- _BRIEF_
Word for word, print out all of the data, omitting every image.

- _INFORMATION SHOWN_
........
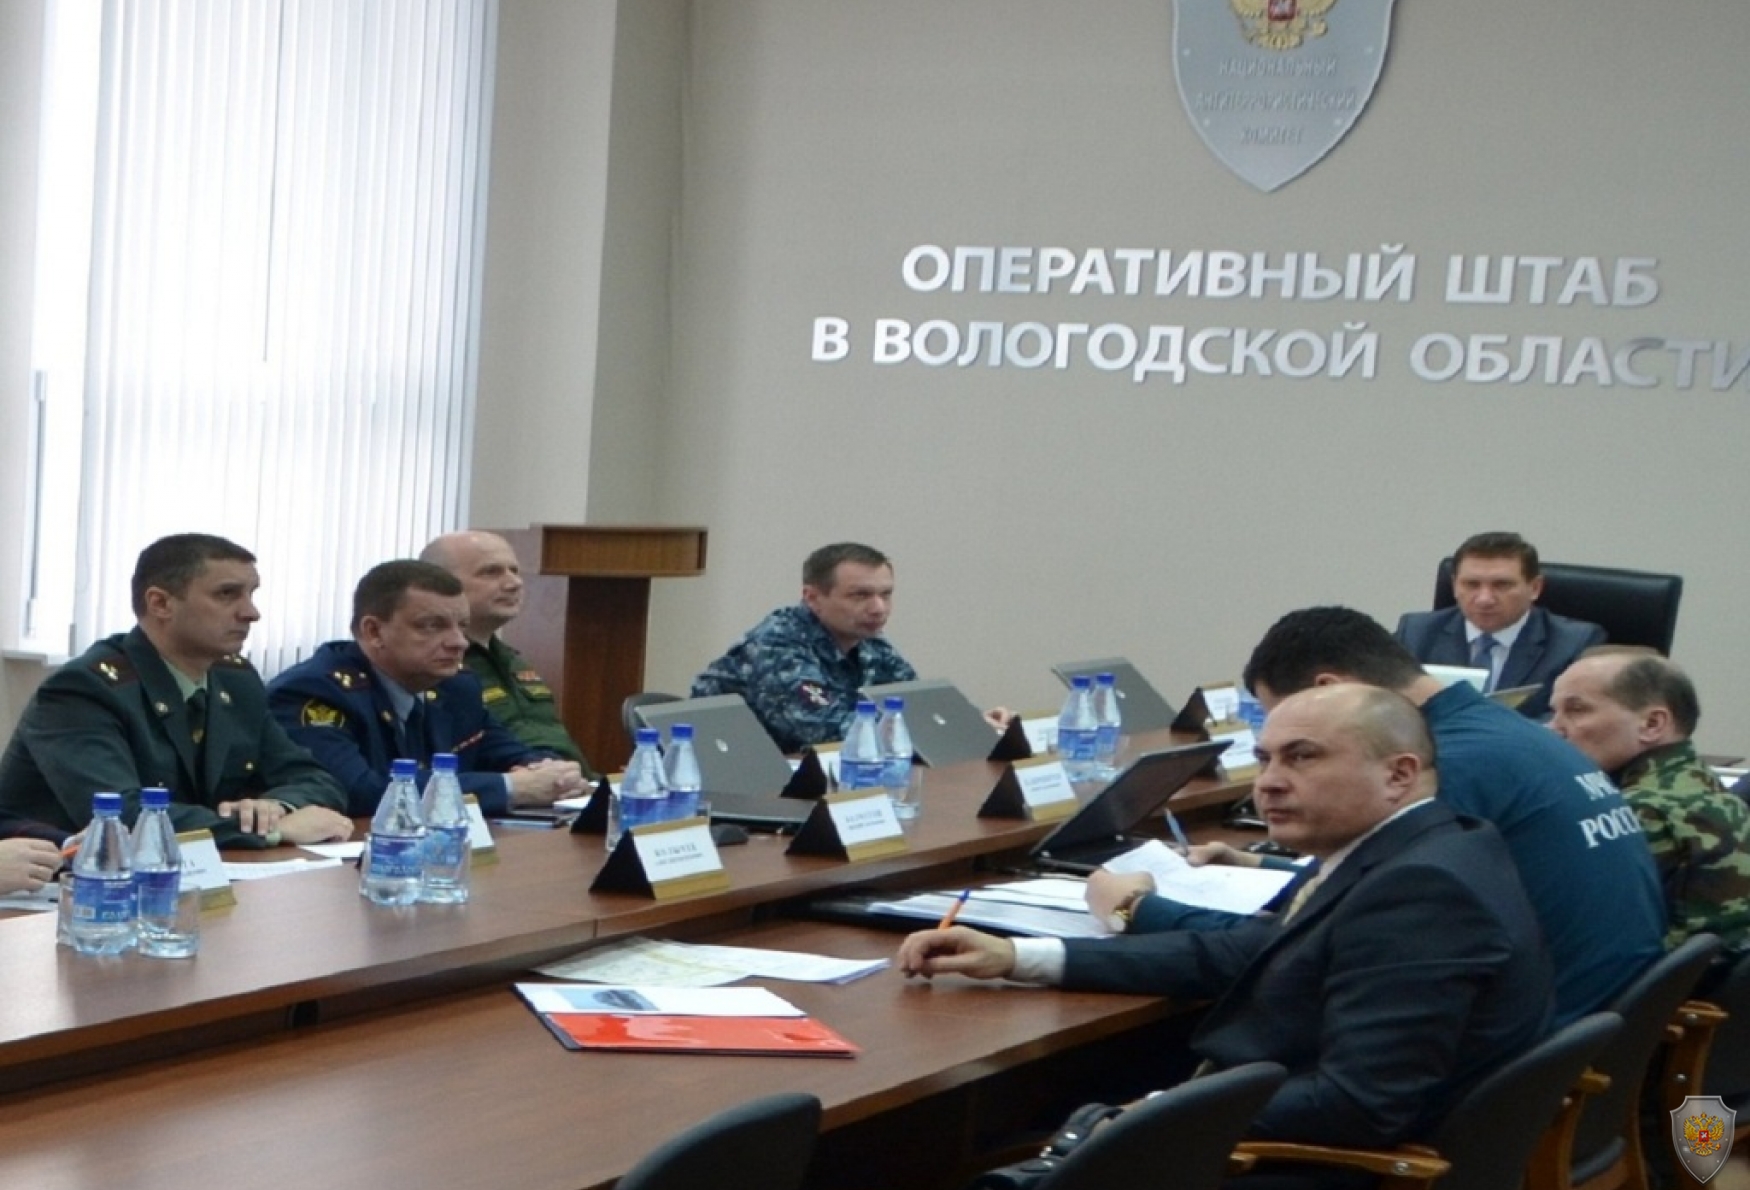 Работа оперативного штаба в Вологодской области
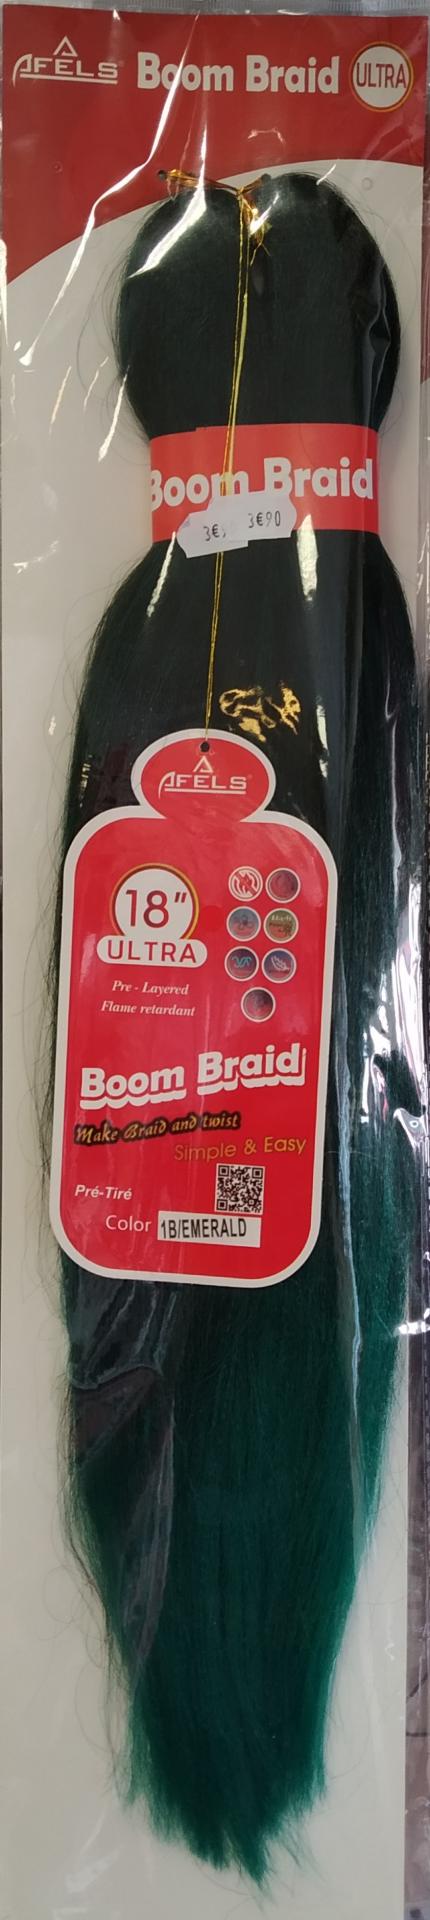 Boom braid 18
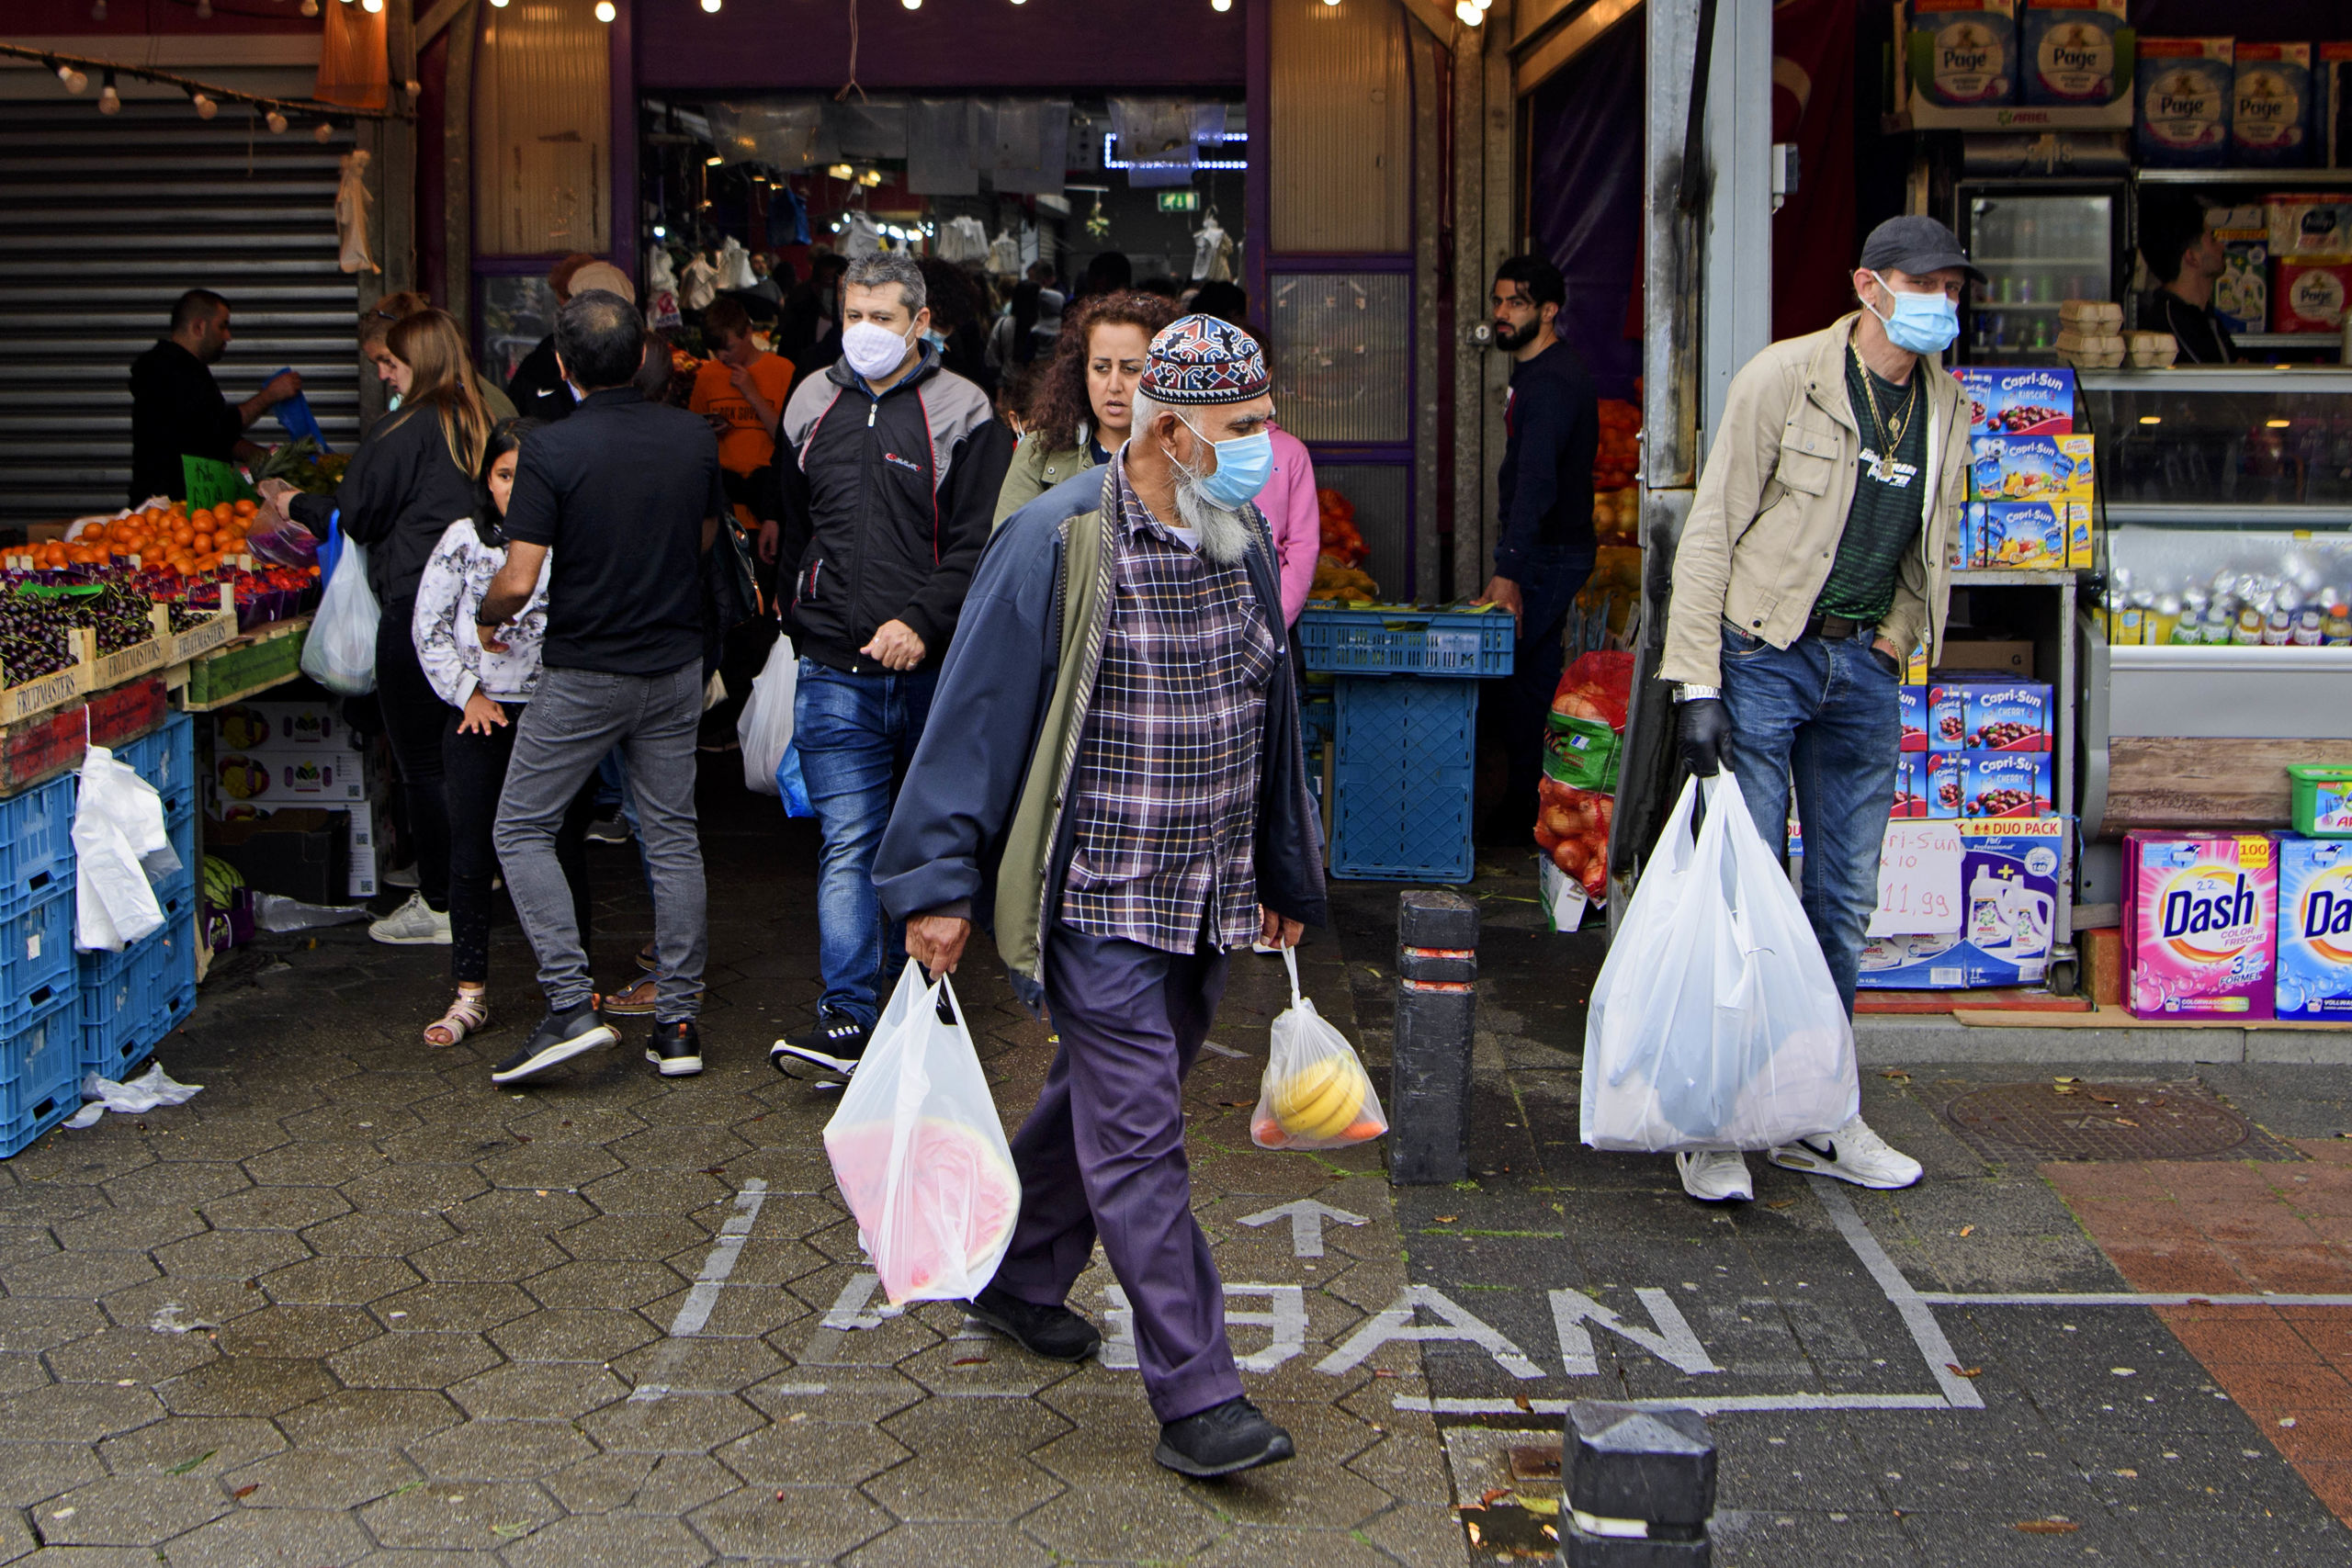 De meeste bezoekers van De Bazaar dragen mondkapjes. De markt vraagt alle bezoekers een mondkapje te dragen, als maatregel tegen het coronavirus.
........
- _WRITTEN RESPONSE_
 Работа оперативного штаба в Вологодской области
 Boom braid 18
 De meeste bezoekers van De Bazaar dragen mondkapjes. De markt vraagt alle bezoekers een mondkapje te dragen, als maatregel tegen het coronavirus.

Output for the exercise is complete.